FreeBSD handles leapsecond correctly

Fri Jan 6 10:23:21 PST 2006

:Out of curiosity, what is DragonFly doing with the network timing counters (ie, 
:TCPOPT_TIMESTAMP and the stuff in <netinet/tcp_timer.h>), has that been 
:seperated from HZ too?
:
:I'm pretty sure that setting:
:
:#define TCPTV_MSL       ( 30*hz)                /* max seg lifetime (hah!) */
:
:...with HZ=1000 or more is not entirely correct.  :-)  Not when it started with 
:the TTL in hops being equated to one hop per second...
:
:-- 
:-Chuck

    Well, you know what they say... if it aint broke, don't fix it.  In this
    case the network stacks use that wonderful callwheel code that was 
    written years ago (in FreeBSD).  SYSTIMERS aren't designed to handle
    billions of timers like the callwheel code is so it wouldn't be a
    proper application.

    The one change I made to the callwheel code was to make it per-cpu in
    order to guarentee that e.g. a device driver that installs an interrupt
    and a callout would get both on the same cpu and thus be able to use
    normal critical sections to interlock between them.  This is a 
    particularly important aspect of our lockless per-cpu tcp protocol
    threads.  DragonFly's crit_enter()/crit_exit() together only take 9ns
    (with INVARIANTS turned on), whereas the minimum non-contended inline
    mutex (lwkt_serialize_enter()/exit()) takes around 20ns.

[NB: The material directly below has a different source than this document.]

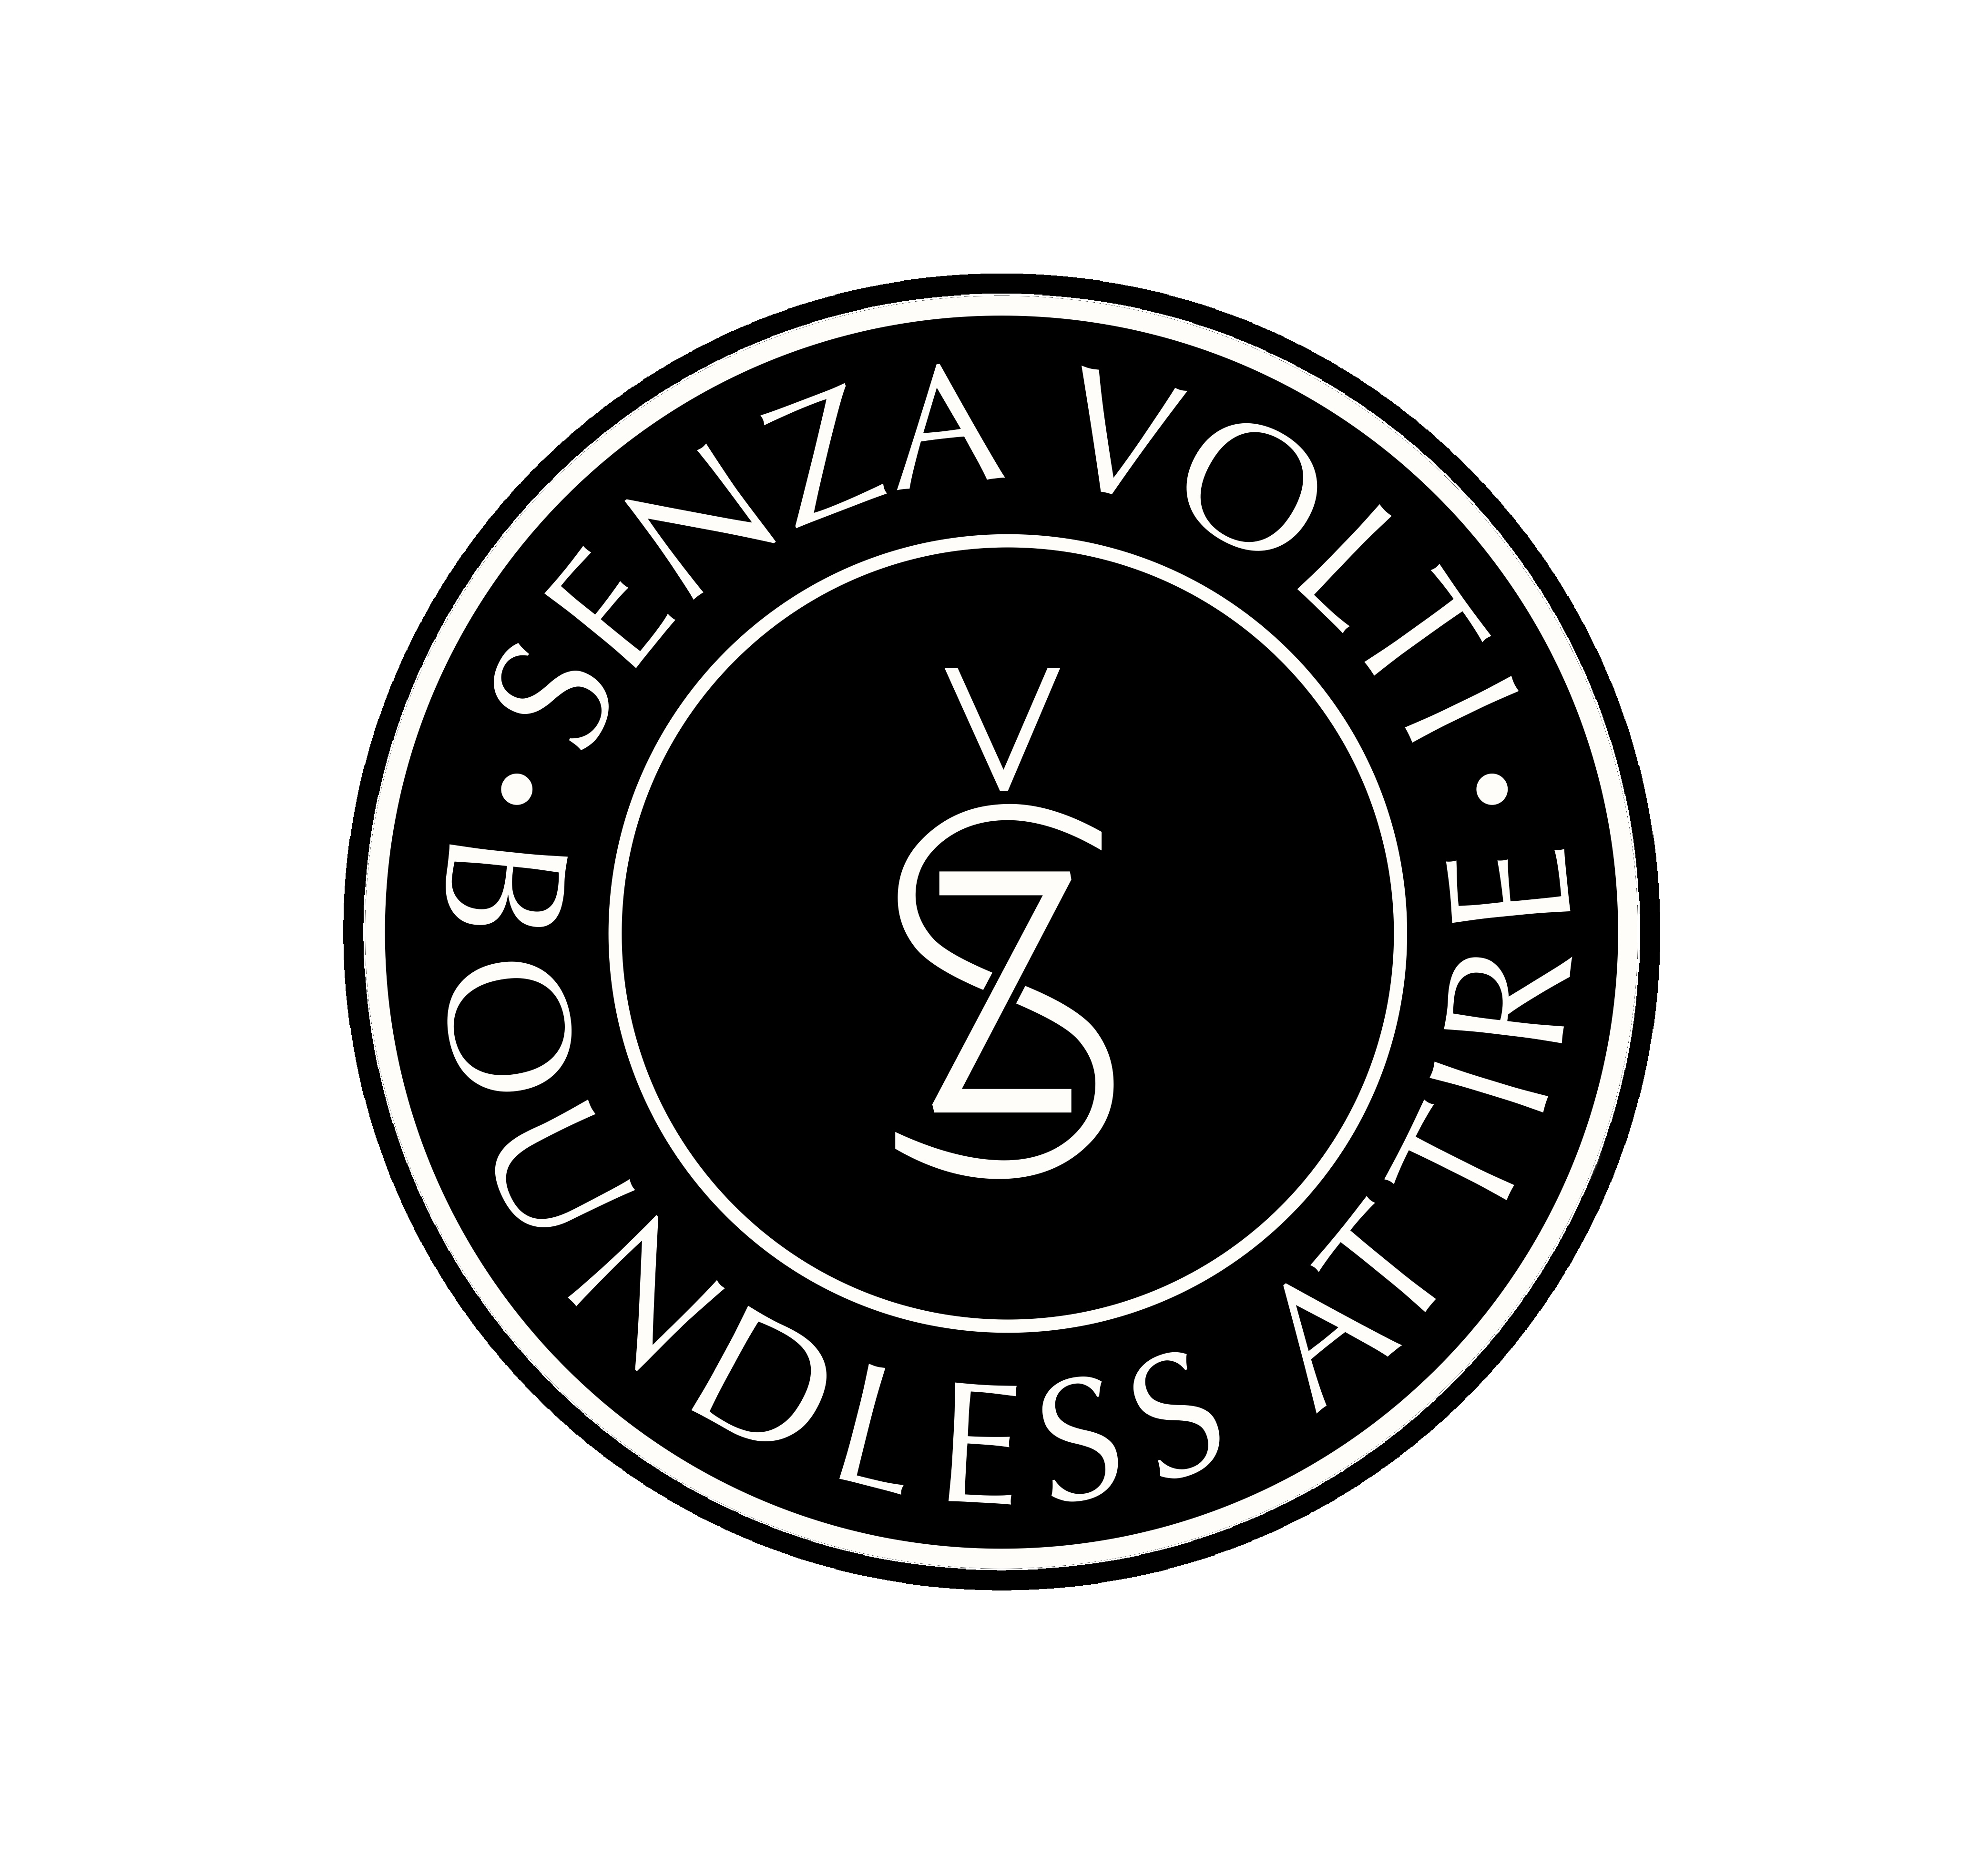 Senza Volti - Buy Affordable Second Hand Designer Clothing – SenzaVolti
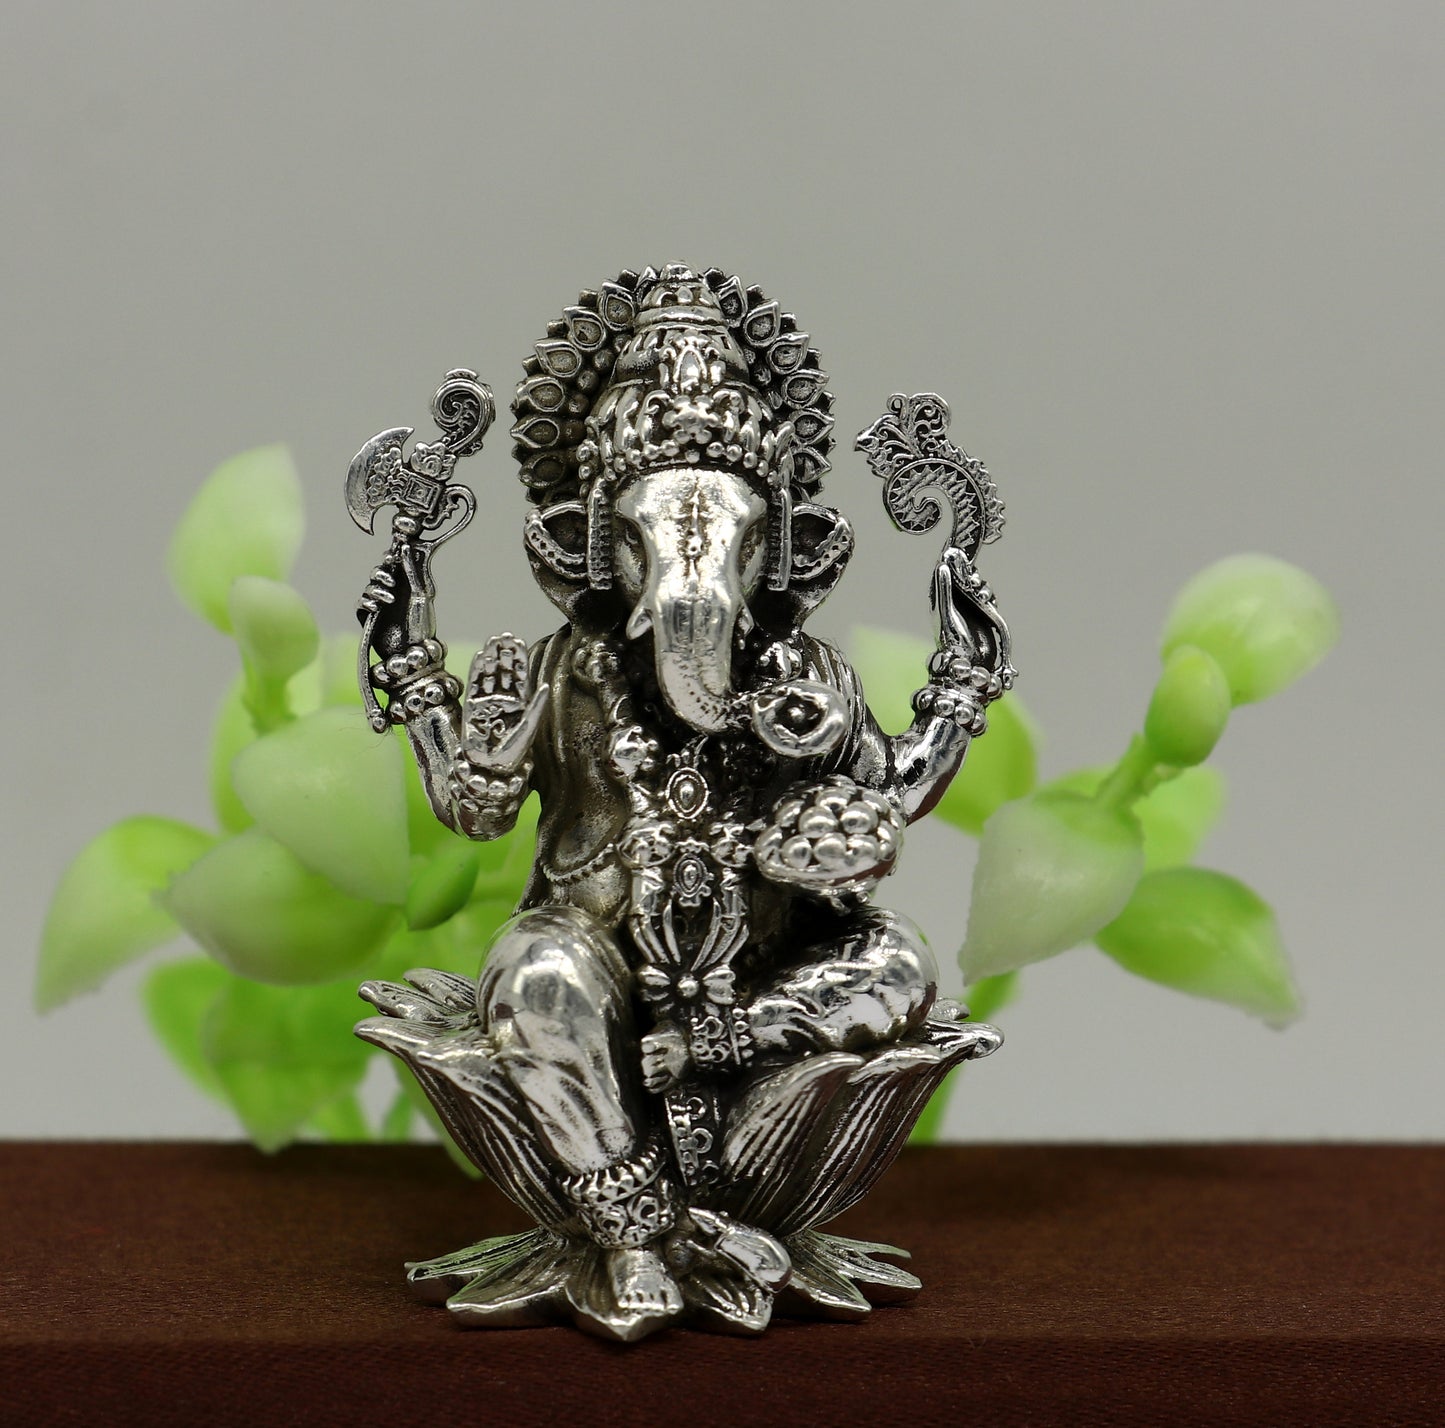 2" small 925 Sterling silver handmade customized Hindu God Idol Ganesha statue, puja article figurine, home decor utensils art31 - TRIBAL ORNAMENTS

    I don't know what edge cases exist when 'hz' is set so high.  Since we
    don't use hz for things that would normally require it to be set to a
    high frequency, we just leave hz set to 100.

    --

    One side note.  I've found both our userland (traditional bsd4) and
    our LWKT scheduler to be really finicky about being properly woken
    up via AST when a reschedule is required.  Preemption by <<non-interrupt>>
    threads is not beneficial at all since most kernel ops take < 1uS to
    execute major operations. 'hz' is not relevant because it only effects
    processes operating in batch.  But 'forgetting' to queue an AST to
    reschedule a thread ASAP (without preempting) when you are supposed
    to can result in terrible interactive response because you have
    processes winding up using their whole quantum before they realize
    that they should have rescheduled.  I've managed to break this three
    times over the years in DragonFly... stupid things like forgetting a
    crit_exit() or clearing the reschedule bit without actually rescheduling
    or doing the wrong check in doreti(), etc.  The bugs often went unnoticed
    for weeks because it wasn't noticed until someone did some heavily
    cpu-bound work or test.  It is the A#1 problem that you have to look
    for if you have scheduler issues.  All non-interrupt-thread preemption
    accomplishes is to blow up your caches and prevent you from being able
    to aggregate work between threads (which could be especially important
    since your I/O is threaded in FreeBSD).

					-Matt
					Matthew Dillon 
					<dillon at backplane.com>